Step 2: Define Alerting Rules in Prometheus

Create alerting rules that fire when conditions met.

Create alerting rules file (

/etc/prometheus/rules/alerts.yml

excerpt):

groups:
  - name: instance_alerts
    interval: 30s
    rules:
      - alert: InstanceDown
        expr: up == 0
        for: 5m
        labels:
          severity: critical
          team: infrastructure
        annotations:
          summary: "Instance {{ $labels.instance }} is down"
          description: "{{ $labels.instance }} has been down for >5min."
          runbook_url: "https://wiki.example.com/runbooks/instance-down"
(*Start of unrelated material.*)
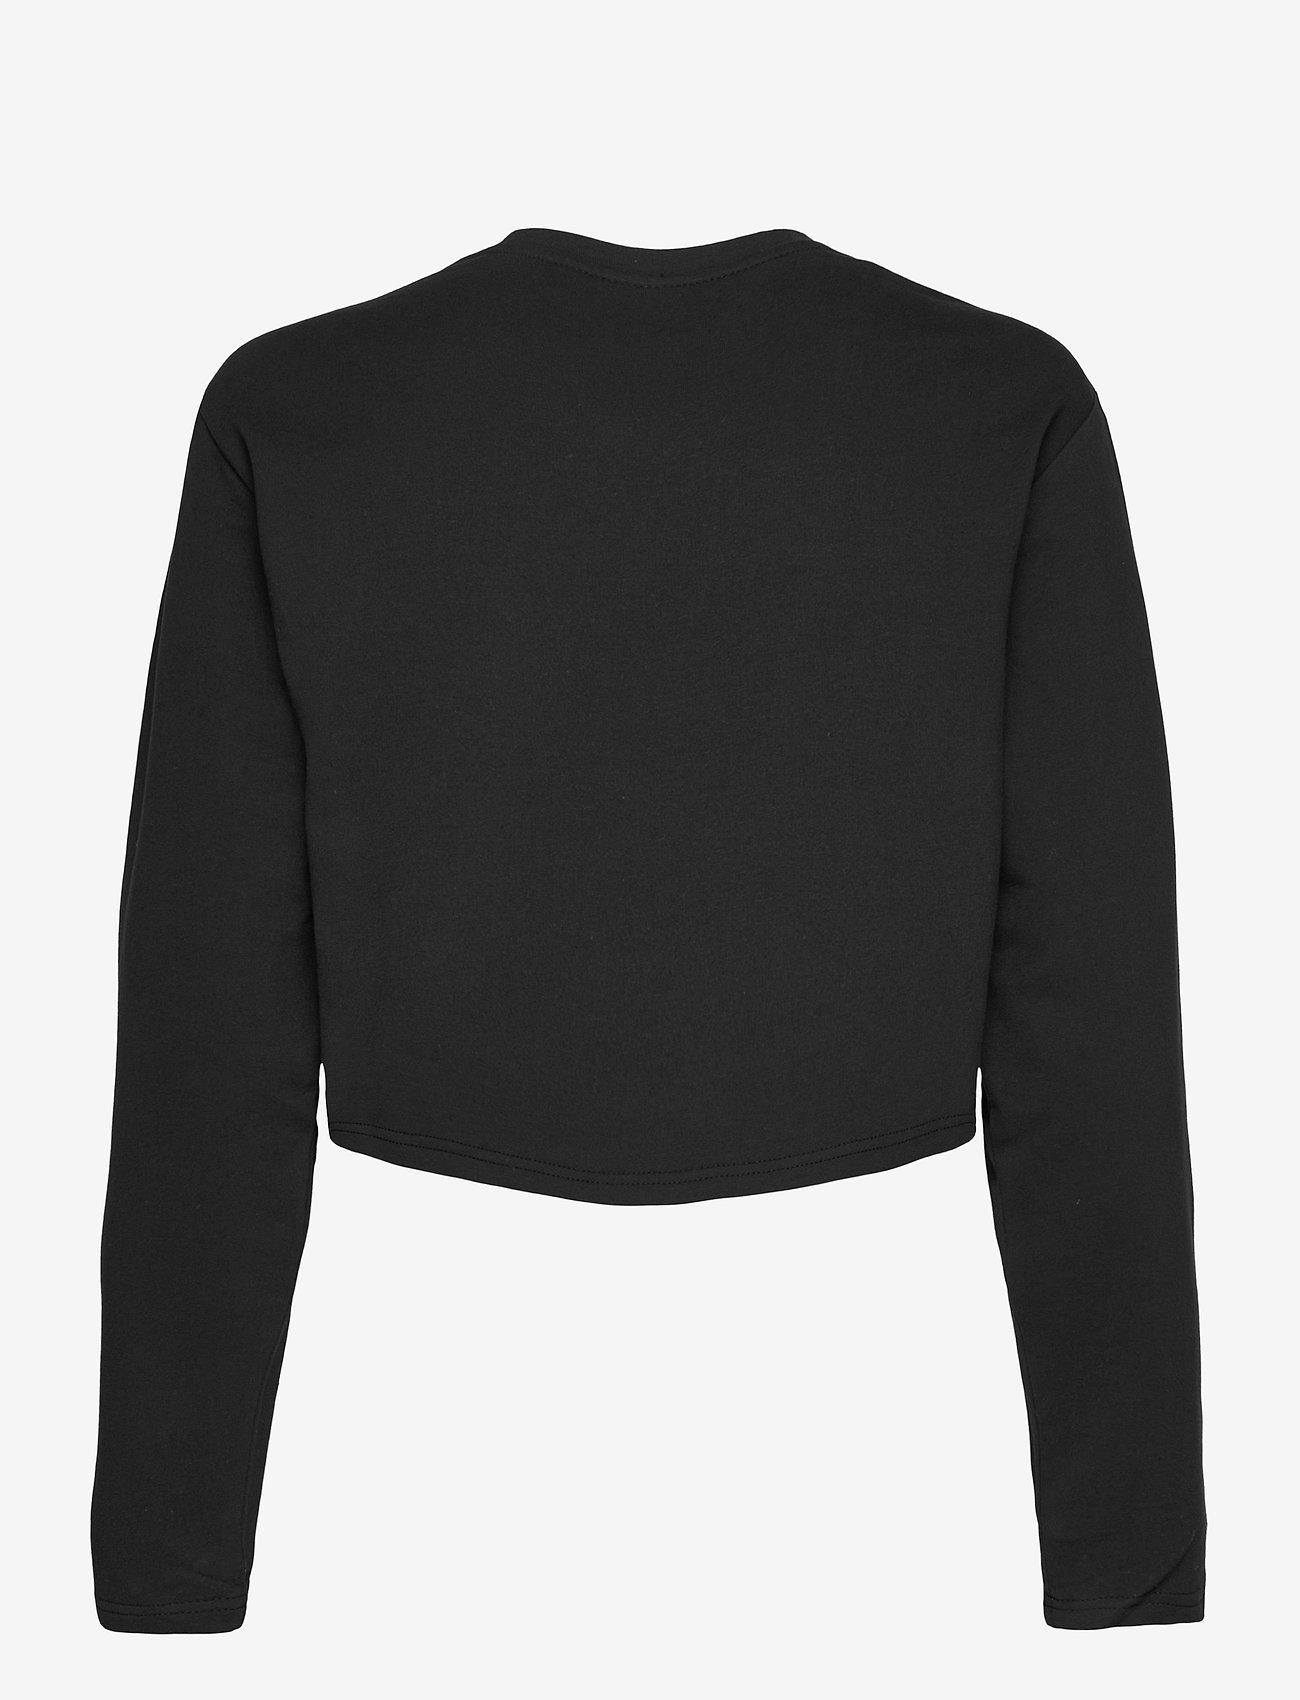 VANS - RAMP TESTED CREW - navel shirts - black - 1
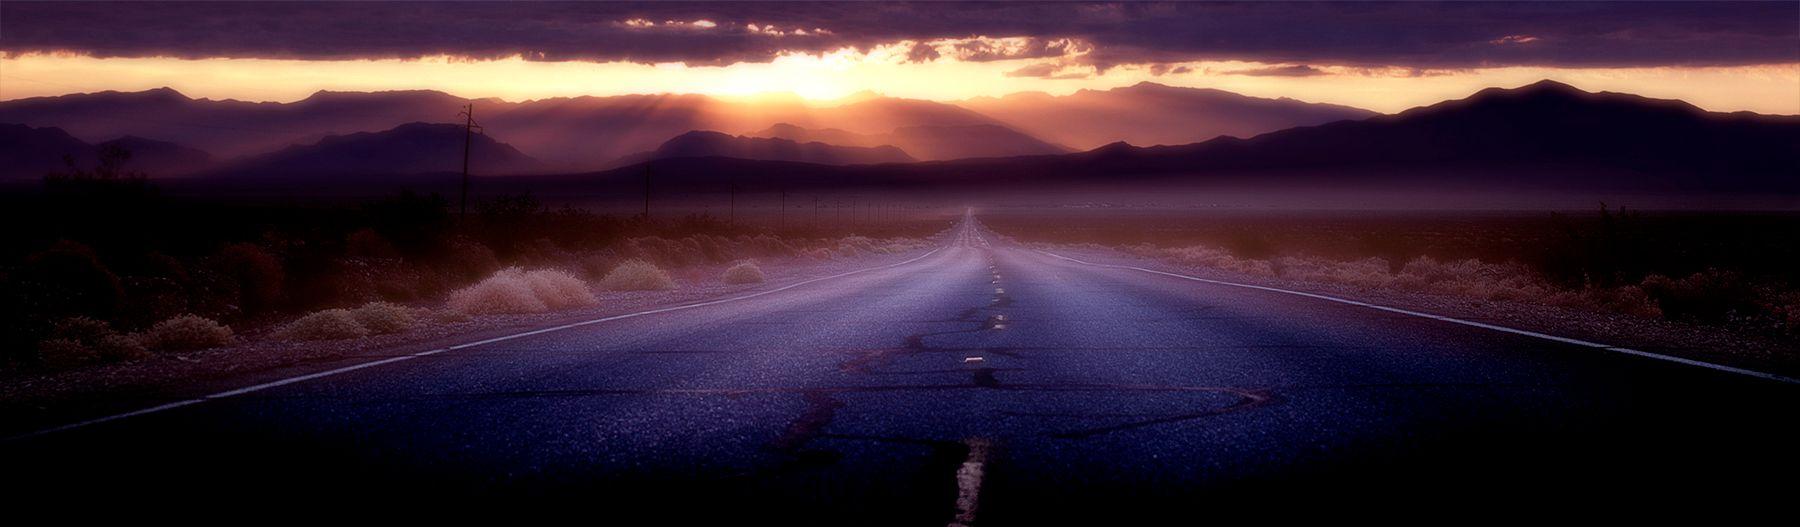 ROAD SUNRISE.jpg

      - alert: HighCPUUsage
        expr: 100 - (avg by(instance) (rate(node_cpu_seconds_total{mode="idle"}[5m])) * 100) > 80
        for: 10m
        labels:
          severity: warning
        annotations:
          summary: "High CPU usage on {{ $labels.instance }}"
          # ... (see EXAMPLES.md for complete alerts)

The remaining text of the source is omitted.